Лорелея загадочно улыбнулась.

— Не волнуйтесь, товарищ Боянов, — сказала она. — Через день-два я пришлю вам такое разрешение. А теперь позвольте вас угостить по случаю нашего торжества.

И пошла на кухню варить кофе, а географ тем временем спросил меня:

— Что с тобой происходит, Энчо? В школе тебя нет, с друзьями не видишься, ушел из хора, забросил футбол и, как я слышал, даже не бываешь у инженера Чернева…

Я трагически вздохнул и спросил:

— А как он себя чувствует?

— Чуть лучше. Состояние было критическое, но, к счастью, и на этот раз выкарабкался.

— Инфаркт?

— В этом роде. Ты бы навестил его. Знаешь ведь, как он к тебе относится.

Мой мозг вдруг заработал на полных оборотах, как включенный в сеть мотор, и я быстро заговорил:

— Товарищ Боянов, я мечтаю прийти к вам и рассказать про все, что со мной происходит здесь и в Софии, как меня с утра до вечера учат петь, играть на гитаре, актерскому мастерству, и я уже не знаю, как быть, мне, честное слово, очень хочется навестить инженера Чернева, но не могу, мама никуда не выпускает из дому, не отходит ни на шаг, залепляет мне уши пластырем…

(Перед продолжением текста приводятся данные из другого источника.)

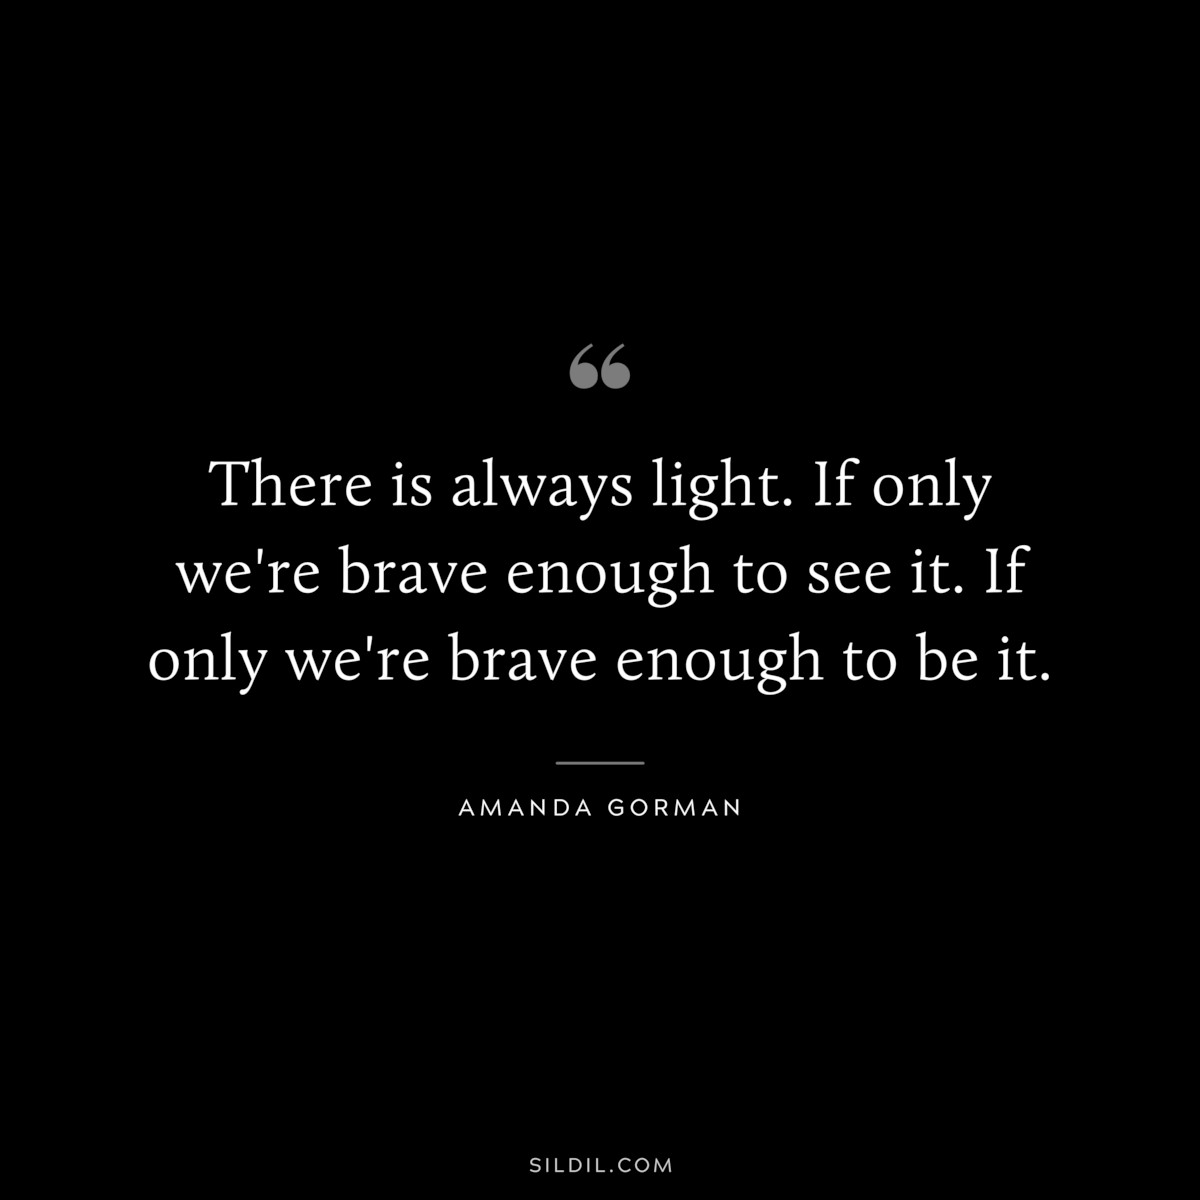 There is always light. If only we're brave enough to see it. If only we're brave enough to be it. ― Amanda Gorman

— Что ж, Энчо, раз ты не можешь прийти ко мне и обо всем рассказать, то сядь и напиши. И пришли мне по почте… или передай через Бобби, например…

Роскошная мысль! Я сразу за нее ухватился:

— Хорошо, я вам обо всем напишу.

С того дня я начал, как писатель, описывать свои переживания и приключения. Каждый вечер перед сном, после того как мама залепит мне уши, а папа контрабандой принесет из кухни бутерброд с двойной порцией ветчины, я беру тетрадку и при свете карманного фонарика, чтобы из другой комнаты не заметили, пишу. Написал все то, что вы прочли, и все дальнейшее, вплоть до самого конца, драматического и счастливого одновременно. Вот только послать свои тетрадки товарищу Боянову по почте или через Бобби не удалось — помешали, как вы увидите из следующих страниц, некоторые обстоятельства.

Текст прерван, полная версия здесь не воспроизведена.